Pytorch-yolov3: True positive count may be wrong

Created on 19 Jul 2019  路  9Comments  路  Source: eriklindernoren/PyTorch-YOLOv3

In get_batch_statistics(), it counts true_positives like this:

for pred_i, (pred_box, pred_label) in enumerate(zip(pred_boxes, pred_labels)):

 # If targets are found break
    if len(detected_boxes) == len(annotations):
        break

    # Ignore if label is not one of the target labels
    if pred_label not in target_labels:
        continue

    iou, box_index = bbox_iou(pred_box.unsqueeze(0), target_boxes).max(0)
    if iou >= iou_threshold and box_index not in detected_boxes:
        true_positives[pred_i] = 1
        detected_boxes += [box_index]

So it is possible that target_labels is [1, 2], and the iou of pred_boxes[0] and target_boxes[0] is over iou_threshold while pred_labels[0] is 2 (which should be 1 to make it a TP), but still here true_positives[0] will be 1.

I suggest you modify the third "if" to
if iou >= iou_thresh and box_index not in detected_boxes and pred_label == target_labels[box_index]:

Most helpful comment

Here's the link to the code.
https://github.com/eriklindernoren/PyTorch-YOLOv3/blob/1c5a58f47c9904a9fe9903b46c73bf93a230d8e7/utils/utils.py#L166

And, @youzunzhi 's suggestion is the following.

            for pred_i, (pred_box, pred_label) in enumerate(zip(pred_boxes, pred_labels)):

                # If targets are found break
                if len(detected_boxes) == len(annotations):
                    break

                # Ignore if label is not one of the target labels
                if pred_label not in target_labels:
                    continue

                iou, box_index = bbox_iou(pred_box.unsqueeze(0), target_boxes).max(0)
-                if iou >= iou_threshold and box_index not in detected_boxes:
+                if iou >= iou_thresh and box_index not in detected_boxes and pred_label == target_labels[box_index]:
                    true_positives[pred_i] = 1
                    detected_boxes += [box_index]

All 9 comments

Here's the link to the code.
https://github.com/eriklindernoren/PyTorch-YOLOv3/blob/1c5a58f47c9904a9fe9903b46c73bf93a230d8e7/utils/utils.py#L166

And, @youzunzhi 's suggestion is the following.
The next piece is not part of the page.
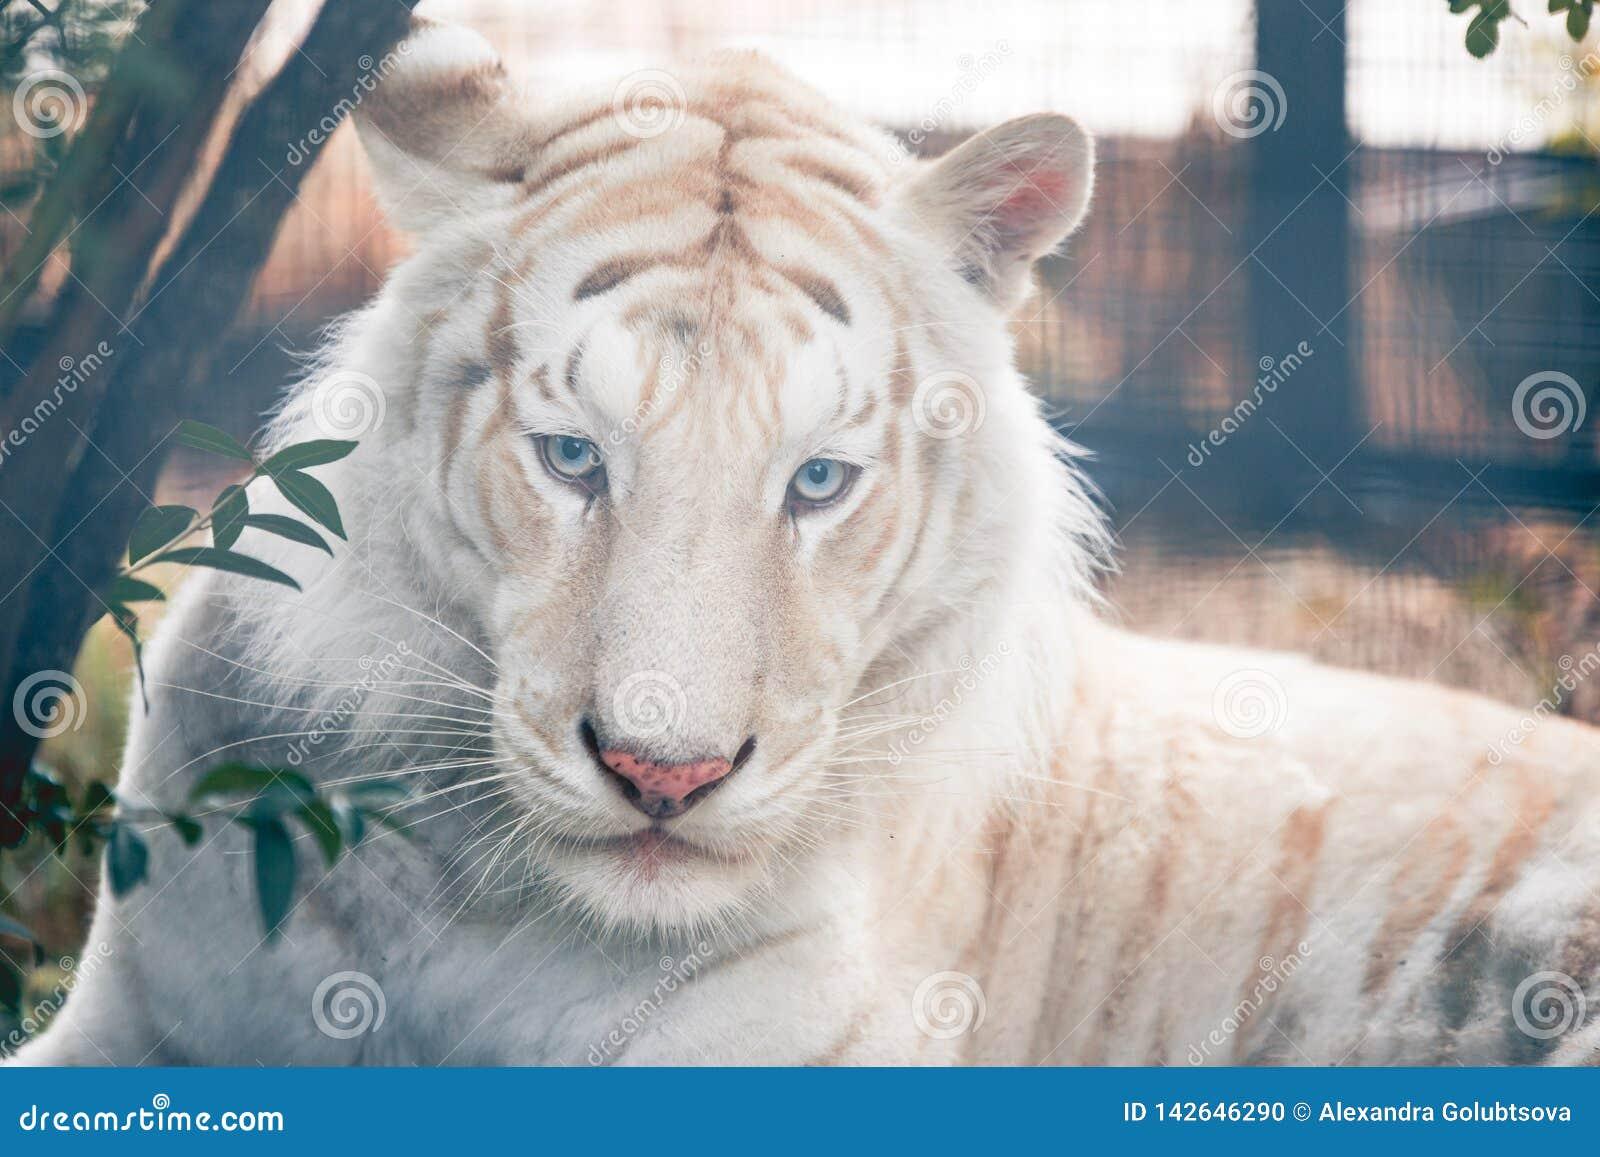 White tiger portrait.

            for pred_i, (pred_box, pred_label) in enumerate(zip(pred_boxes, pred_labels)):

                # If targets are found break
                if len(detected_boxes) == len(annotations):
                    break

                # Ignore if label is not one of the target labels
                if pred_label not in target_labels:
                    continue

                iou, box_index = bbox_iou(pred_box.unsqueeze(0), target_boxes).max(0)
-                if iou >= iou_threshold and box_index not in detected_boxes:
+                if iou >= iou_thresh and box_index not in detected_boxes and pred_label == target_labels[box_index]:
                    true_positives[pred_i] = 1
                    detected_boxes += [box_index]

@youzunzhi
@peaceiris
How much does this change affect the mAP?

@H-YunHui It is hard to say.

@youzunzhi @peaceiris
Another problem with calculating TP,
iou, box_index = bbox_iou(pred_box.unsqueeze(0), target_boxes).max(0)

The code just calculates max matched IOU, However, predict box may have the IOU(> iou_thresh) with another gt box, and also predict right.

@ujsyehao Hello, have you solved this problem? I have another question. For one ground-truth, we have found a matched predict box. In the next iteration, another predict box has a higher IOU than the already matched box. However, as this ground-truth already finds its matched box, we will ignore the second box, as in the code:
if iou >= iou_threshold and box_index not in detected_boxes:

In summary, for one ground-truth, the pred_box having the highest IOU is regarded as TP. So, I think we should iterate the target_boxes instead of pred_boxes.

@youzunzhi @peaceiris
Another problem with calculating TP,
iou, box_index = bbox_iou(pred_box.unsqueeze(0), target_boxes).max(0)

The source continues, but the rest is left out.